Comments - Mirroring the MariaDB Knowledge Base
Content reproduced on this site is the property of its respective owners,
and this content is not reviewed in advance by MariaDB. The views, information and opinions
expressed by this content do not necessarily represent those of MariaDB or any other party.
Httrack does a better job (because it is its purpose) than wget at creating a local mirror.
The main problem when mirroring the knowledge base, is that it makes heavy use or redirections, and wget will follow those redirections, and you end up with lots of duplicated pages. (I have even hit wget's limit of 20 redirections) Httrack, on the other hand, will mirror the redirection by creating a small HTML file with a Refresh meta (effectively simulating the HTTP redirect), and will only download the page once.
Another problem is the login page. That link doesn't show in the mirror, but it is actually present in a div.nav-top-mobile, and as web scrapers don't care about CSS, they will follow that link. The big problem is that the login link contains the originating page as a parameter, so you end up downloading that login page once for each page. So, the path /kb/user/ should always be excluded from mirroring.
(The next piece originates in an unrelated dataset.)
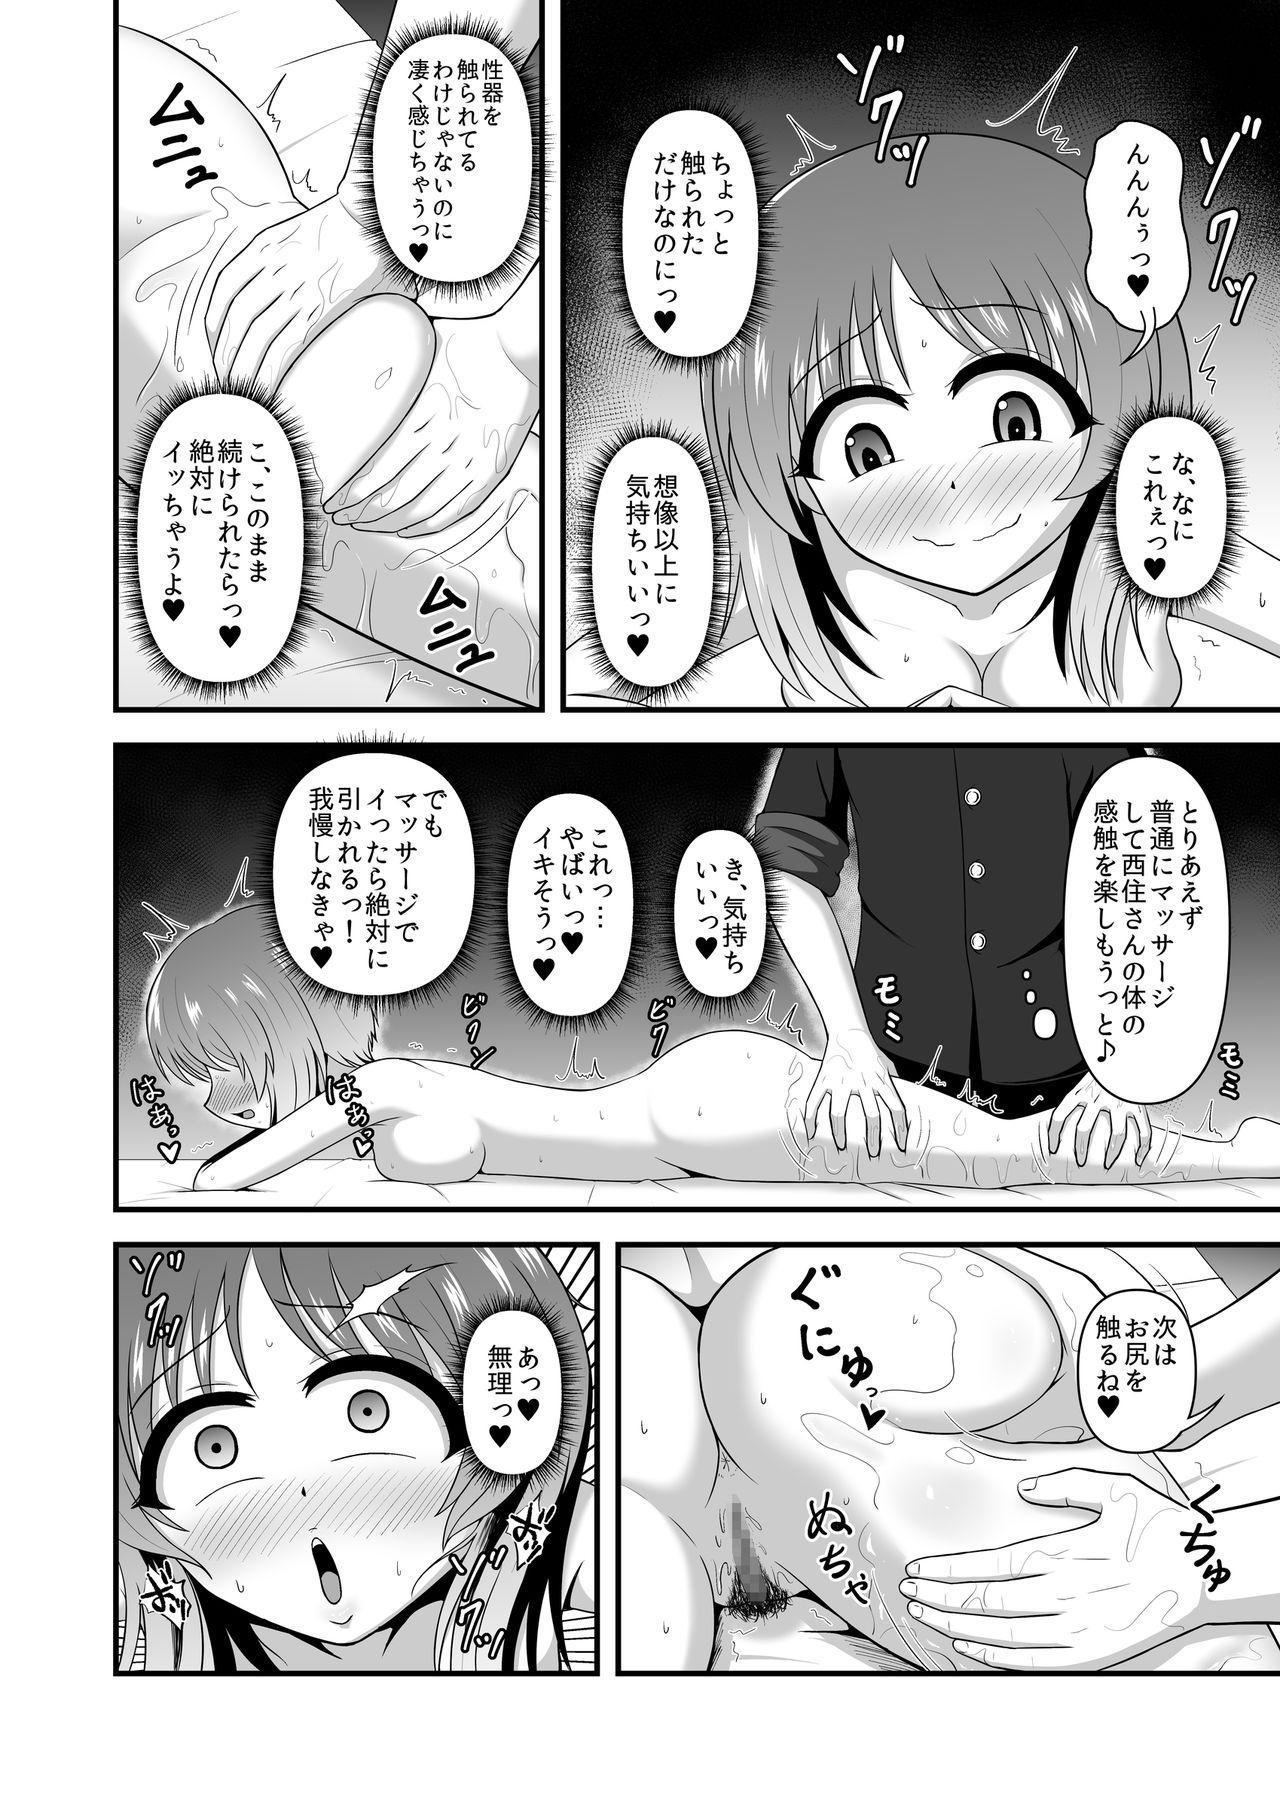 Teisou Gyakuten Abekobe Banashi 3 10
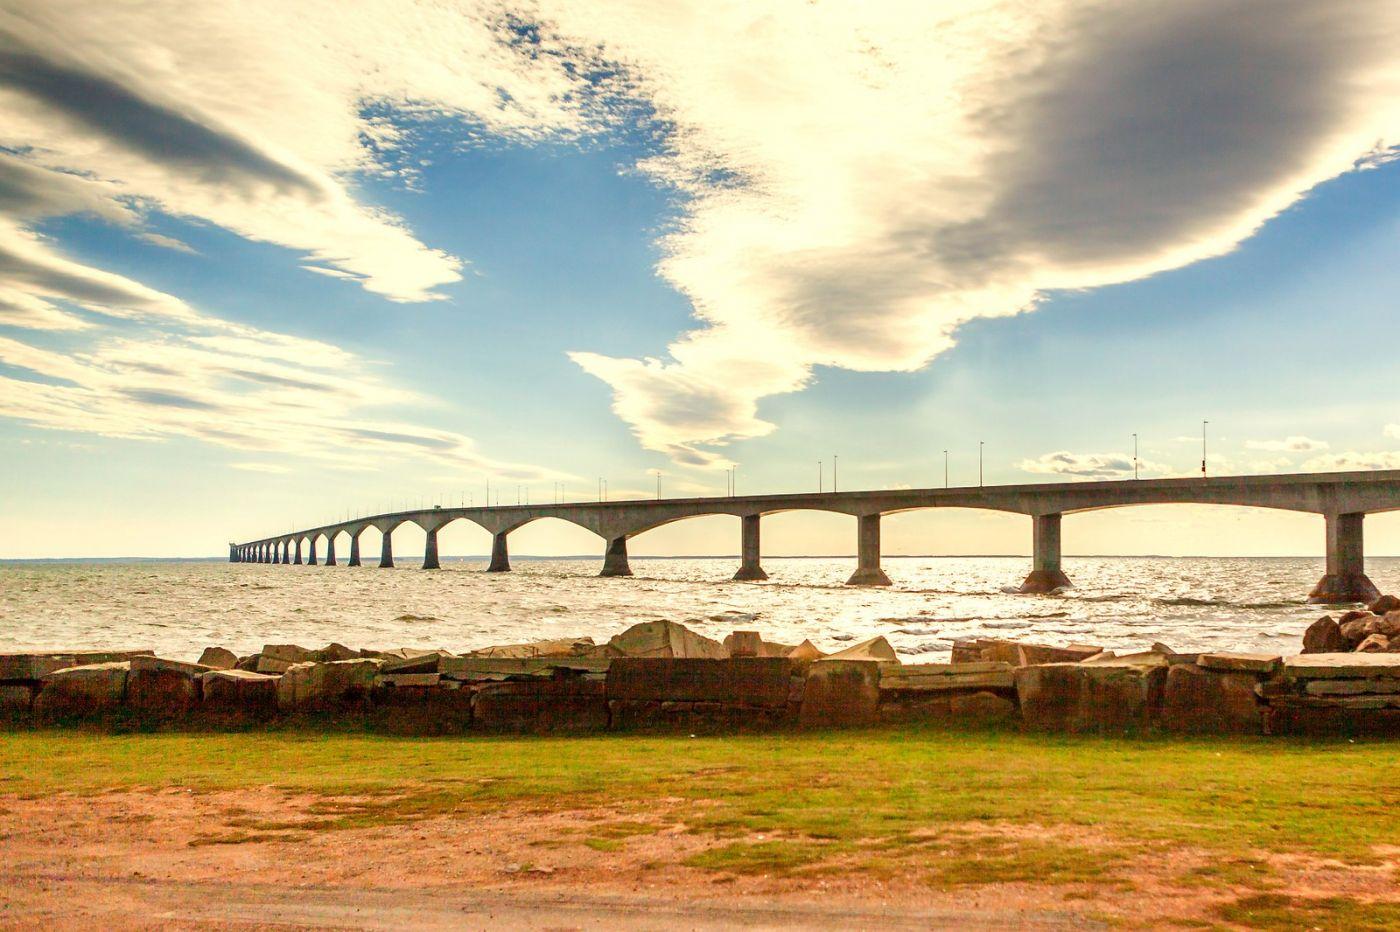 加拿大风景,长桥和灯塔_图1-15

With wget you can do it with the option --reject-regex /kb/user/ With httrack you can do it with the filter -kb-mirror.mariadb.com/kb/user/*
The mirror layout should probably be fixed to remove that useless login link.
Also, if you are only interested in one language, limiting yourself to that path (/kb/en/ for english) will significantly reduce the number of pages (you will still need the content in /kb/static/).
With all that, here is an httrack command line to mirror the knowledge base in english, in the local directory kb-mirror-en:
httrack --mirror --path kb-mirror-en --sockets=2 --structure=100 --robots=0 http://kb-mirror.mariadb.com/kb/en/ +kb-mirror.mariadb.com/kb/static/\*
The --sockets=2 option is to avoid hammering the server with too much simultaneous connections (the default is 8), and the --structure=100 option will avoid creating a subdirectory with the hostname (useless as we are downloading only a single host). (the --clean option may be useful too, if you don't want to use the update feature of httrack)
With all that (and limiting myself to english), I ended up with a mirror containing a little less than 10,000 files (with more than half being auto-generated redirection files) for a total size of "only" 230MiB.
I forgot to add that it "only" took 1h20.